Many suppliers will list their parent company and their subsidiaries as the entities that are taking the personal guarantee. But how long has it been since you looked at those? Has your business undergone any restructures or name changes in that time? Are all the entities listed that need to be? If not, your personal guarantees could be out of date.
For example, say you took a personal guarantee from a customer in the name of Machine Sales Pty Ltd in 2016. A few years later, the same customer starts trading with your subsidiary Machine Repair Pty Ltd, but it is not listed in your personal guarantee. The guarantee will not apply to the debts owed to your subsidiary.
We recommend carefully reviewing the entities listed in your personal guarantees and updating them where necessary. We also recommend using language such as “including but not limited to” so that you still have some ammunition if you get hit with zombie excuse #2 – “I didn’t guarantee that specific company’s debt.”
3. Is the guarantee written in plain English and display a warning to get legal advice?
One problem with personal guarantees is the psychology behind them – many guarantors believe that they will never have to reach into their own pocket and put money up. It’s too hard to read and it’s just another document to be signed in the application or onboarding process.
We recommend including clear warning labels on your personal guarantee about it being an important legal document. This will help to alert guarantors that they need to read and understand the document more carefully. It will also help you later on if guarantors start saying things like “I never got independent legal advice.”
4. Check the witness
We recommend to all of our Clients that personal guarantees be in the form of a Deed. This is because, when it comes to personal guarantees a Deed is a particular type of legal document that has certain benefits over a contract or other type of agreement. But to be binding, there are certain technical requirements of Deeds which some guarantors cling onto to get out of payment.
For example, the Conveyancing Act (NSW) requires Deeds to be attested by at least one witness who is not a party to the deed. But what if you have a personal guarantee that hasn’t been witnessed? What is the effect of that? If you come across a guarantee deed that has not been witnessed, it will still be enforceable but not as a Deed. It will be limited to 6 years (instead of the usual 12 years if it had been witnessed) and it means that the Guarantor could challenge his or her guarantee by providing other evidence (such as conversations, emails, etc.).
Ideally, if you receive a Deed that has not been witnessed, you should return the document and ask the guarantor to have his or her signature re-witnessed. Where that is not possible, then you still have an enforceable agreement, it is just not as “tight” as if it was a technical Deed.
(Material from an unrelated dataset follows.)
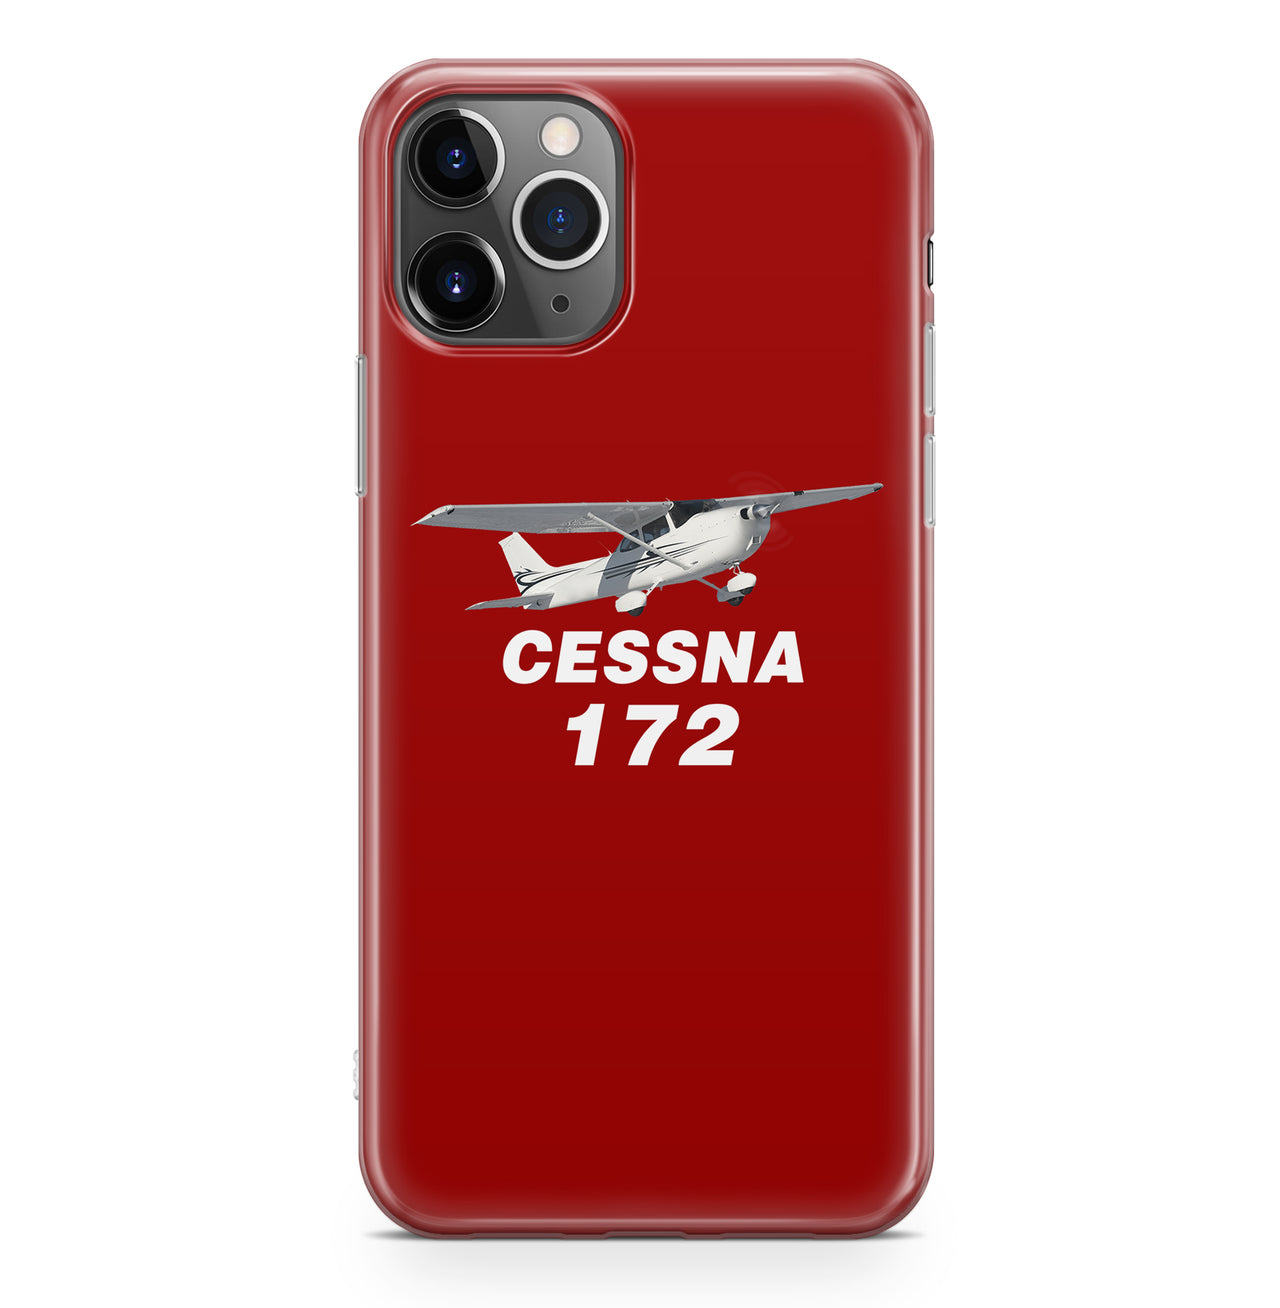 The Cessna 172 Designed iPhone Cases

Every reason to dot your I’s and cross your T’s from the very start.
5. Don’t forget bank account details
Once upon a time, if you had a judgment against a customer you could apply to the Court for a garnishee order for debts on each of the 5 major banks. While it helped, you didn’t need to give the Court specific bank account details for the judgment debtor. Chances were you could stumble upon your customer’s bank account to satisfy your judgment.
Now, times have changed and the Court must be satisfied that you have grounds to believe that a particular bank is holding money owed to you. You need to explain the steps you took to identify the debt, which usually involves naming a specific bank account and how you obtained those details.
The best way to do that is to take the bank details for your customer and any guarantor in your application or onboarding process. If that’s not possible now, look back through your records to see if any previous payment remittances give you the same details.
Make sure that you are prepared for the zombie onslaught in September – not just in terms of your customers, but also the personal guarantees bound to be lurking in the background.